Cutting voice-agent latency below 300ms at the edge
Every millisecond between a spoken word and a streamed response is borrowed trust. Cross 300ms and a conversation stops feeling like a conversation — it becomes a transaction with a server. The work of a real-time voice agent is mostly the work of refusing to spend time you do not have.
I keep a fixed budget and treat it like a memory allocation: capture, transport, inference, and synthesis each get a fraction, and nothing is allowed to overdraw. When one hop runs long, the time has to be repaid by another — there is no overdraft facility on a live call.
Latency is not a number you optimize at the end. It is a constraint you design the whole system around from the first request.
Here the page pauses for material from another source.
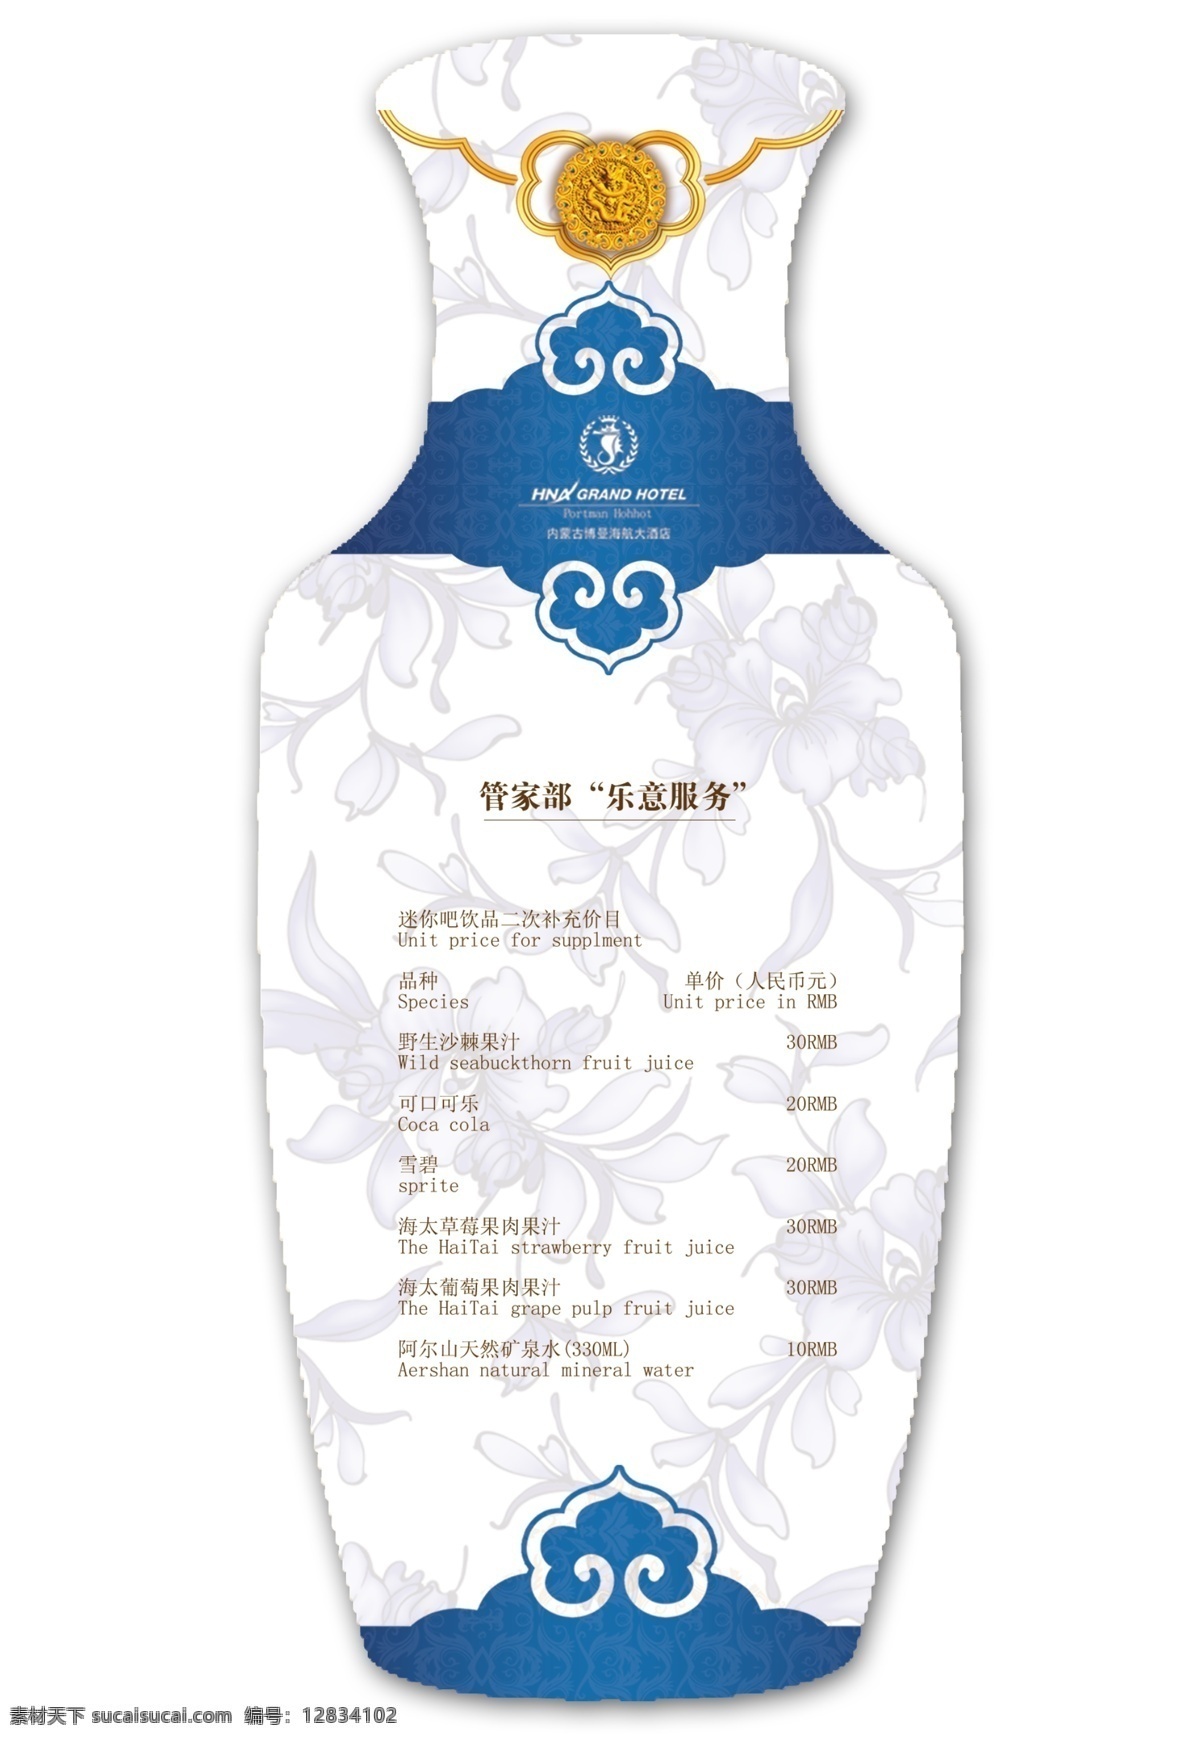 青花 瓷瓶 平面图 瓶子包装 青花瓷 蒙古族花纹 花纹 包装设计 广告设计模板 源文件

Move the model to the conversation
The single largest win was geographic: terminating audio and running first-token inference at the edge region nearest the speaker, rather than routing every packet to a central cluster. Below is the guard that decides whether a token stream is fast enough to begin speaking, or whether we wait for a fuller buffer.
const BUDGET_MS = 300;
export async function* guardedStream(
source: AsyncIterable<Token>,
startedAt: number,
) {
let spoken = false;
for await (const token of source) {
const elapsed = performance.now() - startedAt;
if (!spoken && elapsed < BUDGET_MS) {
spoken = true; // begin synthesis early
yield { ...token, lead: true };
} else {
yield token;
}
}
}
Starting synthesis on the first confident token — rather than the first complete sentence — is what makes a slow model feel immediate. The listener hears the agent begin to think out loud, and the remaining latency hides inside speech that is already underway.